Delivering Big Data Advanced Analytics - Clusters - Defining Your Requirements
Defining Your Requirements - Part 2
In this, the second part of my blog, I would like to provide some guidance around the key areas within the ‘Defining your Requirements’ stage. Defining these requirements early is an important prerequisite and will hopefully ensure that you have done everything possible to ensure a strong starting position for your project to build upon. ‘By failing to prepare, you are preparing to fail’, Benjamin Franklin.
Key focus areas
- Align your use case to a business outcome. What is it that the business needs? How will your Hadoop cluster enable those insights and deliver business value?
- Understand and agree your timeline, ensure this is updated and communicated regularly and is aligned to your business user and stakeholder expectations.
- Identify and engage ALL key stakeholders early. Receiving approval and sponsorship from this select group early on in the process will save time and effort mid-delivery.
- Understand the source data - Most data analytics platform vendors will use the 'Ingest anything you like' strapline, which is absolutely correct. But there will almost certainly be a need to transform that data in order to exploit it effectively and take advantage of the many toolsets, BI APIs and Apps available.

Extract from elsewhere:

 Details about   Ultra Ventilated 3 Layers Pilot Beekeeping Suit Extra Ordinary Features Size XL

- Develop a data model. This doesn't need to be complicated, certainly in the early stages. But considering a strategy early on, will certainly reap benefit later as your solution and use case expands. I like to use the Data Lasagne explanation by Mark Samson (PSE, Cloudera).
- Ensuring your delivery teams are set up to deliver end-to-end using a DevOps, continuous delivery methodology will ensure technical debt is kept to a minimum but also means requirement checks and communications across the project are much quicker. It also means that you have a greater chance of meeting business/end user requirements if they are involved in the delivery from the onset. Having input throughout delivery from the following streams, ingestion, transformation and exploitation will in most cases deliver faster and better quality results.

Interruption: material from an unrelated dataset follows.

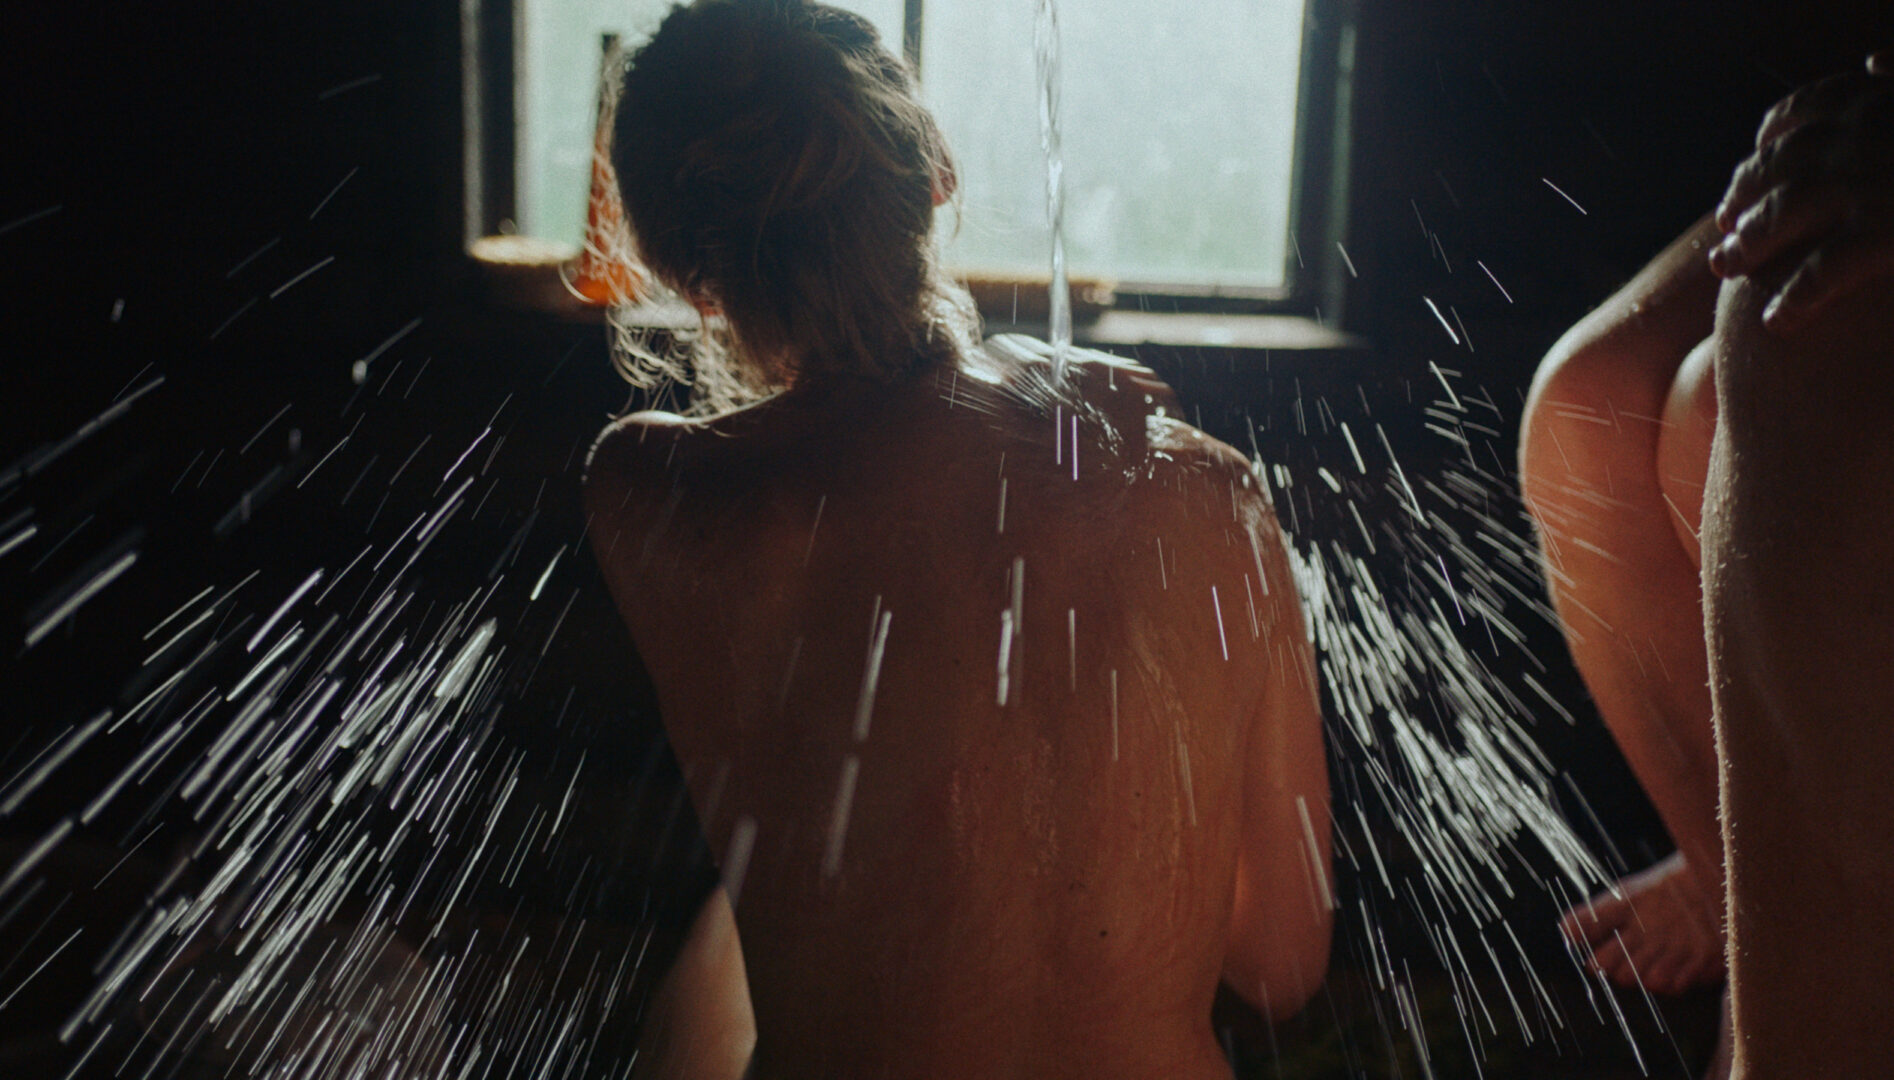 Photograph of a woman's back with water being poured over her from above

- Training. Advanced analytics within your organisation may still be relatively new, most customers will want to utilise current staff. There is world class training available, identifying your skills gap and providing training in the latest tools that are better suited to the tasks will increase capability and productivity in the long run. Making sure this training is delivered at the right time has huge benefits. Understanding the theory is great but early and regular hands-on use, building and configuring your clusters will cement this knowledge and understanding. It is also worth considering employing, short term, expert consultancy in specialist areas such as securing your clusters, or real time analytics, which will, almost certainly pay off in the long term, reducing project re-work, project slippage and potentially additional support costs. This also provides a great learning and knowledge opportunity for your internal teams, capturing and documenting best practices in these specialised areas.
Many organisations begin their journey into Hadoop with a belief or hope that it will provide them with a cheap alternative to replicate their data warehouse capabilities, and offer an opportunity to retire their legacy infrastructure. There is nothing wrong with that, but limiting or hard wiring your data analytics to only SQL because that’s where you’re comfortable, will inhibit your ability to take advantage of some key tools in the ‘big data swiss army knife’ such as Search and machine learning on Spark. The advanced analytics ecosystem opens a door to a world of opportunity, those taking advantage are making significant advances and generating true additional business value.
The boundaries of what can be achieved are still expanding, and rapidly. We have customers creating use cases with advanced machine learning techniques and integrating with aspects of Artificial Intelligence. Such systems take the more detailed data that can be collected and create predictive systems that can supplant human experts in fields such as image recognition, classification and prediction.
This represents an evolution in how data can be applied for those organisations that face into the challenge and run with it. We are witnessing a wholesale revolution in how some of the largest organisations in the world wield data and explore criteria for generating more value from an asset that they are now able to collect in full fidelity.